Well looks like i figured out whats wrong with the remote. The switch that that key moves is actually torn off the PCB on one side. Oh well atleast the IR works.


----------



## jerry downing (Mar 7, 2004)

What I have is version 6.3. I don't know if there is any significant difference between these and version 6.0. Version 6.3 does work with my 510 which uses the same remote as your receiver.


----------



## shadough (Dec 31, 2006)

As near as I can figure, the 6.0 remote ONLY operates in IR and UHF "PRO" modes. It does not operate in UHF mode, so therefore it will only control 322, 522, 625, etc. recievers that have a TV2 option in UHF pro.

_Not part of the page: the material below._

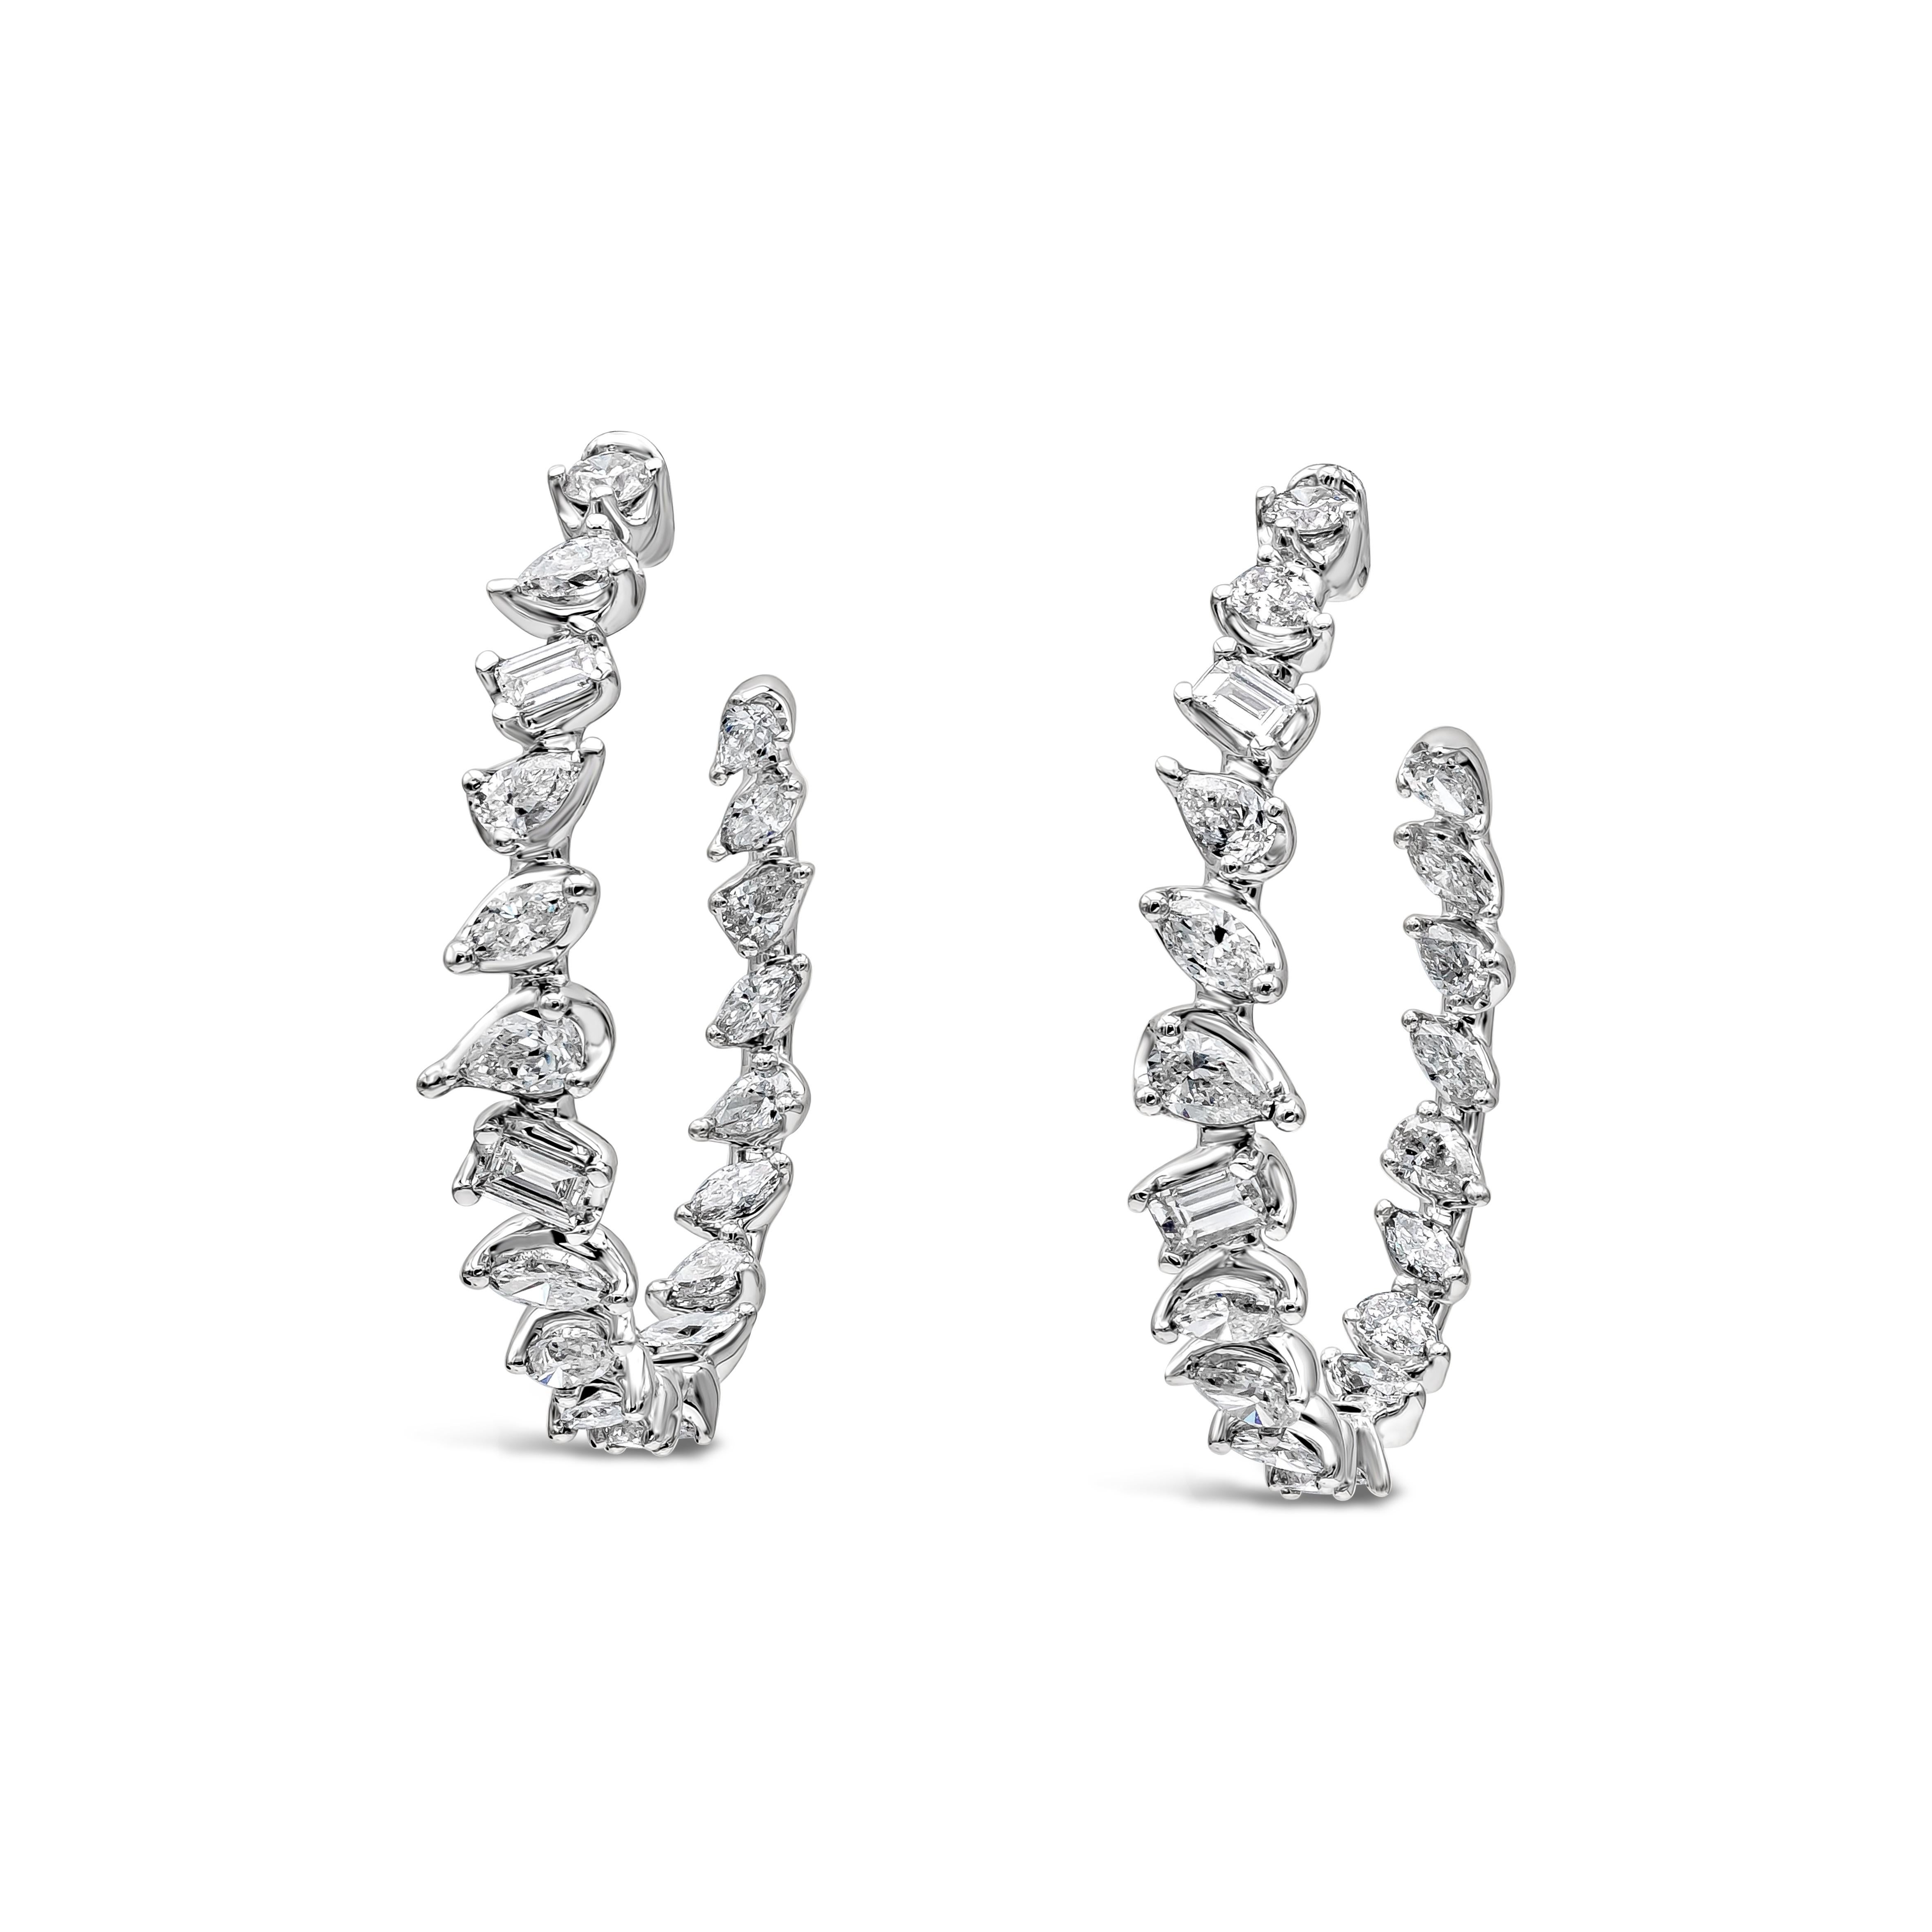 A simple and versatile hoop earrings showcasing multiple shape diamonds weighing 2.68 carats total in G-H color and SI in clarity. Made in 18 karat white gold.

Roman Malakov is a custom house, specializing in creating anything you can imagine. If

Additionally, the 6.0 remote does not come w/ all those accessory 'keys'. It just comes w/ the one, an you either use TV1 IR or flip it over for TV2 UHF Pro.


----------



## Blowgun (May 23, 2008)

IF you have the black "UHF" key, use that one.


----------



## shadough (Dec 31, 2006)

The 6.0 doesnt come w/ a black UHF key. It has 1 key, one side is green (1) and the other is blue (2).

You CAN stick a black UHF key into it, but it won't help. It still won't control anything thru UHF OTHER than UHF Pro receivers.


----------